EAB may be reaping success from its niche strategy, but the bank learned the hard way.

In the early 1980s it chased commercial real estate loans and Third World lending, only to end up saddled with $750 million in bad loans. These nonperformers were eventually pushed off onto ABN Amro's books.

In those days, EAB was run by a consortium of European banks. In the summer of 1991, ABN Amro took majority control of EAB and named Mr. Travaglianti president and chief operating officer.

Applying a strategy that ABN uses in all of its U.S. banks, including its largest, Chicago-based LaSalle National Corp., Dutch executives gave him strict orders to keep close to EAB's traditional markets.

This was easy for Mr. Travaglianti. A Brooklyn native, he joined the bank as a trainee in 1970, when it was still known as Franklin National Bank.

Franklin collapsed four years later, crippled by foreign exchange fraud. It was soon taken over by the European consortium.

In the following year, Mr. Travaglianti was named senior vice president of middle-market lending for the new bank.

Eventually, his responsibilities were expanded to include corporate banking and real estate lending.

Today, EAB faces a rough-and-tumble world of bank mergers and acquisitions. But analysts say they don't see the Dutch selling out their profitable U.S. banks. Growth, however, is key to their survival, they say.

Mr. Travaglianti won't comment on how big he wants EAB to grow or which banks he might like to acquire, but he said his company is not averse to in-market acquisitions that fit EAB's niche.

"Before we look to Connecticut, Pennsylvania, or Georgia we're going to look literally in our own backyard," he noted.

Mr. Travaglianti also said EAB is in a stronger position to grow than many larger competitors because it has already gone through a drastic restructuring to improve its efficiency ratio.

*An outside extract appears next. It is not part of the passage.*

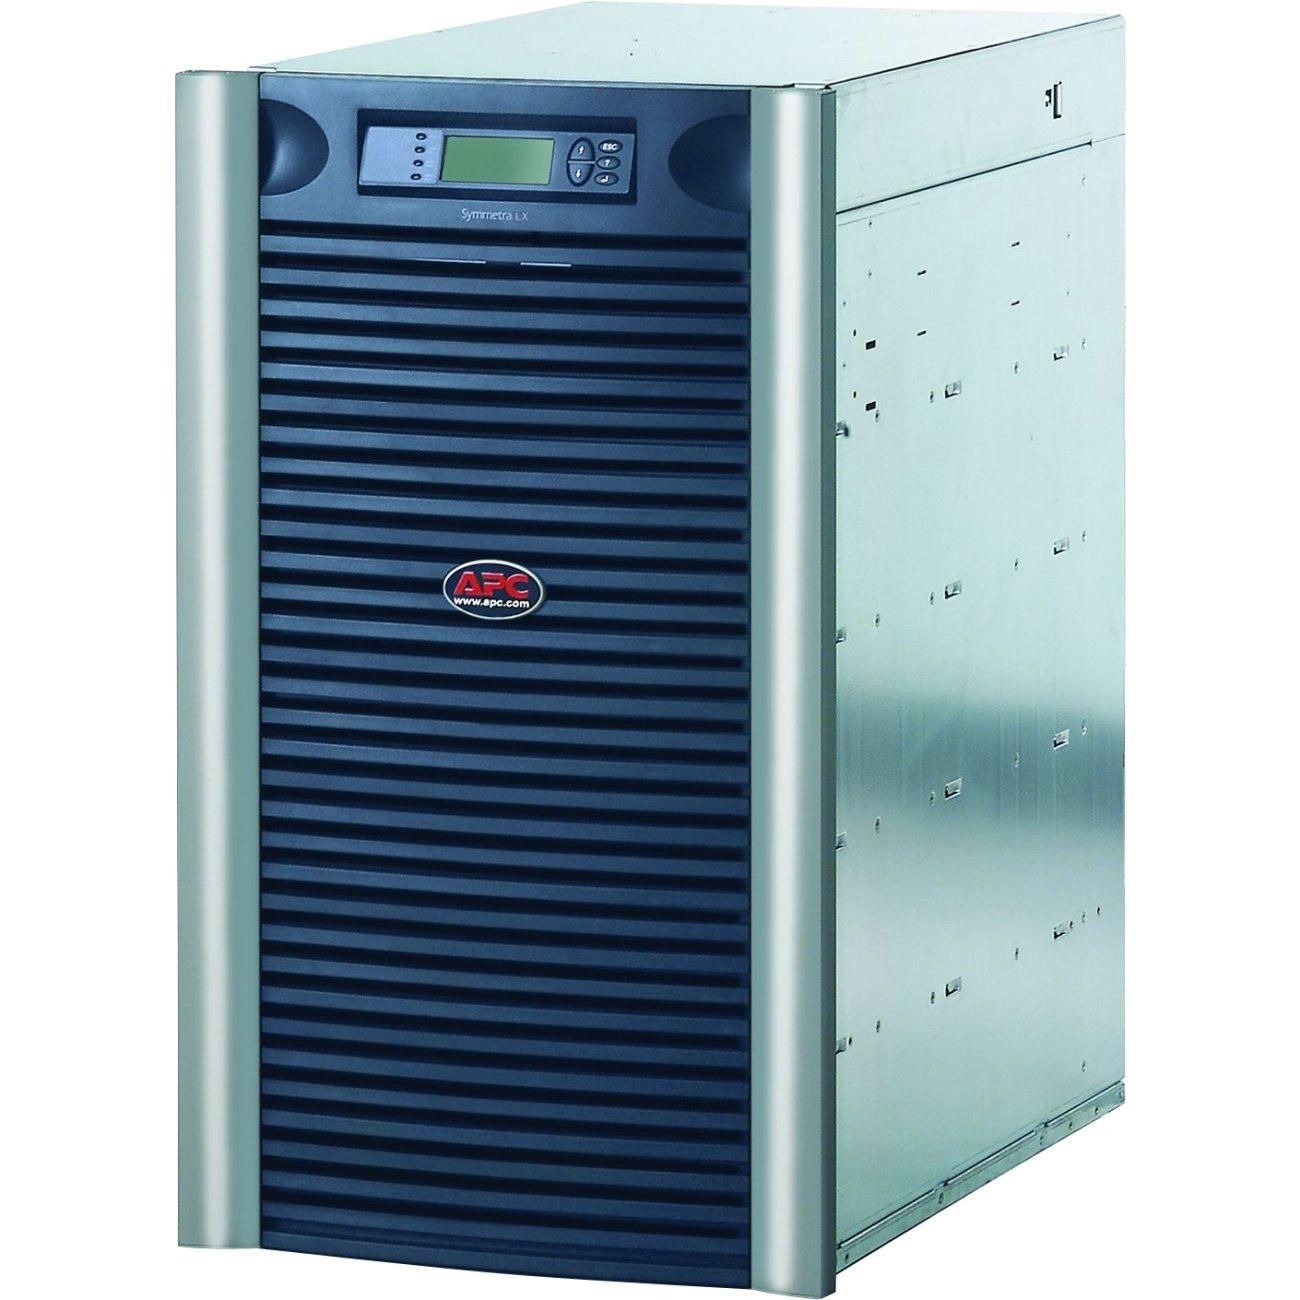 APC by Schneider Electric Symmetra SYA16K16RMI Dual Conversion Online UPS - 16 kVA/11.20 kW

Since the bank refocused its vision four years ago, it has slowly pared down staff to 1,800 from 4,500, he said, mostly by consolidating back- office functions and downsizing the commercial real estate lending operations.

Unlike some of its competitors, Mr. Travaglianti said EAB has learned its lesson about chasing profitable markets outside its niche.

"Their (the Dutch) idea of intermediate-term vision is 20 years. And long term is 50 years. We in America think five or 10 years is long term."